Having a nice dialect for a (is this formally provable?) state machine is nice, but I'm not convinced founding the language from state machines is the correct approach vs merely using a fluent library e.g. https://stately.ai/docs/xstate
Not saying that I'm correct, but would be interesting to hear more of the philosophy of why Nova, vs just a simplisitic implementation of some card game rules...
When you say "friendlier" does that also mean "less powerful"? Prolog's execution engine is very capable, so does Nova give up some of that power in exchange for friendliness or does it somehow retain it?
Depends on what you mean by power, I suppose. Nova is Turing complete, so there's that.
One big difference between Nova and -most- logic languages is that "forgetting" things is a normal part of operation. Nova is also forward chaining, rather than backtracking.

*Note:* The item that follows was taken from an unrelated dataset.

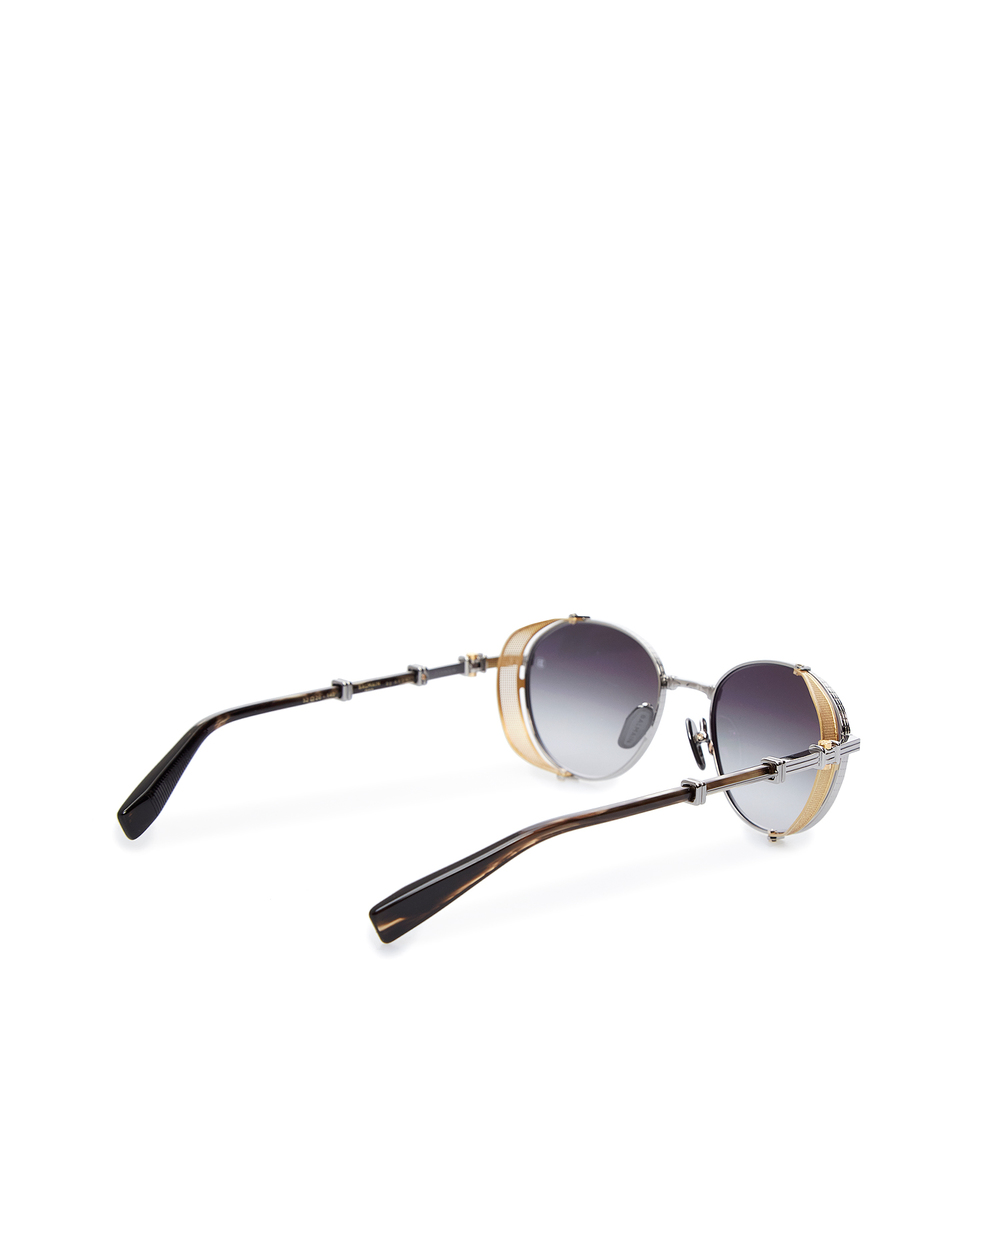 Солнцезащитные очки Brigade I Balmain BPS-110B-52, серебряный цвет • Купить в интернет-магазине Kameron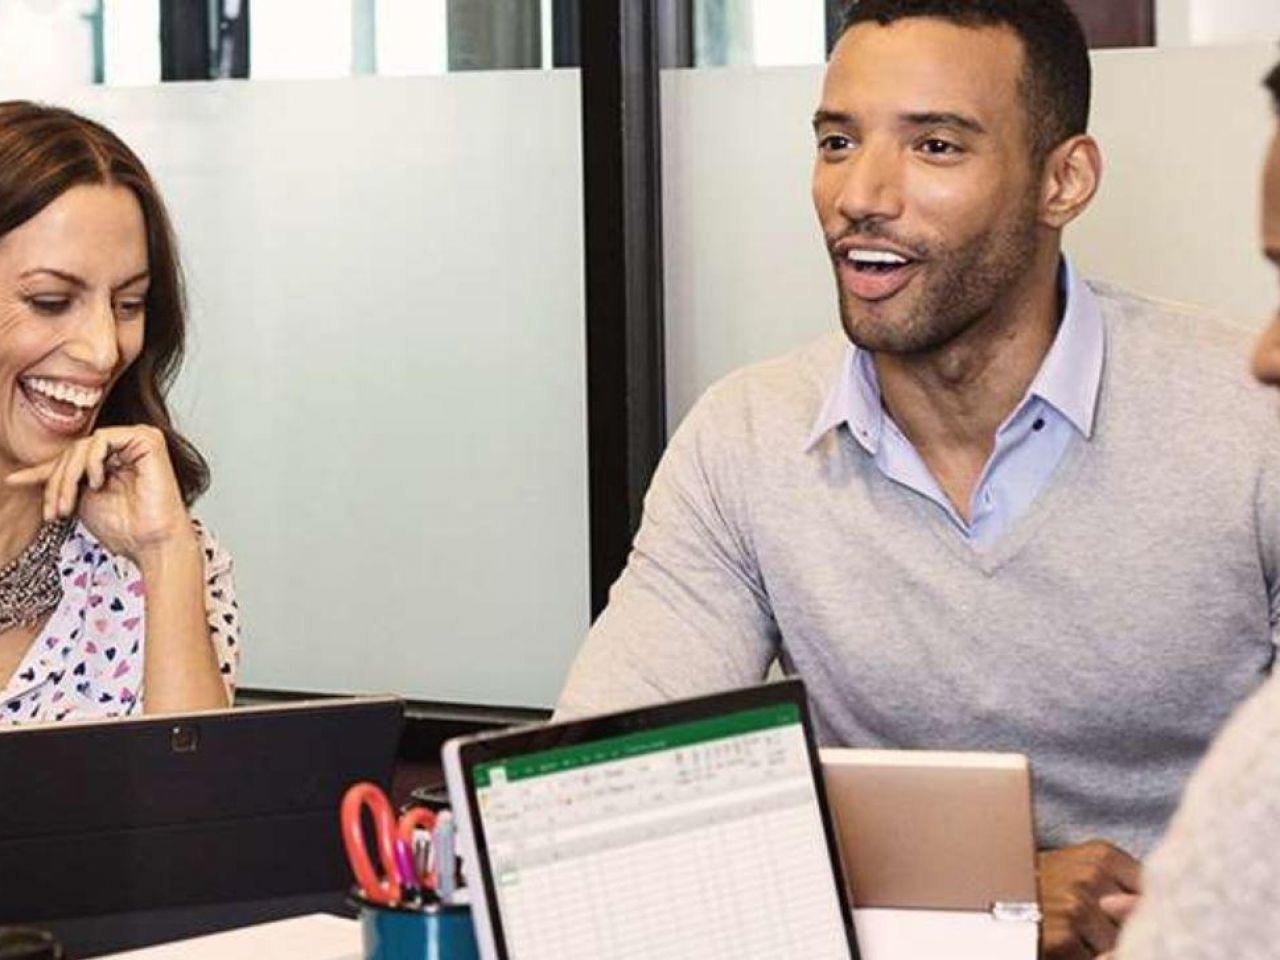 マイクロソフト、会議室管理サービス「Managed Meeting Rooms」発表--Teams新機能も

The end result ends up with Nova programs being something closer to an interpreter in a lot of cases, and writing inputs for said interpreter.
So, Nova doesn't do as much on your behalf as Prolog does, deliberately trying to be easier to reason about, and to have more predictable performance characteristics.
Is this literate Prolog for Org Mode?
iker
Did you have 3 seconds to see that there is a Nova code editor out there? (edit: this comment is about name confusion)
> Please don't complain about tangential annoyances—e.g. article or website formats, name collisions, or back-button breakage. They're too common to be interesting.
https://news.ycombinator.com/newsguidelines.html
Who would confuse a programming language and a text editor?
[dead]
Even if that mattered, you could express it without being rude.
Most likely has a language server thus interoperable with most editors out there. Some config might be necessary though.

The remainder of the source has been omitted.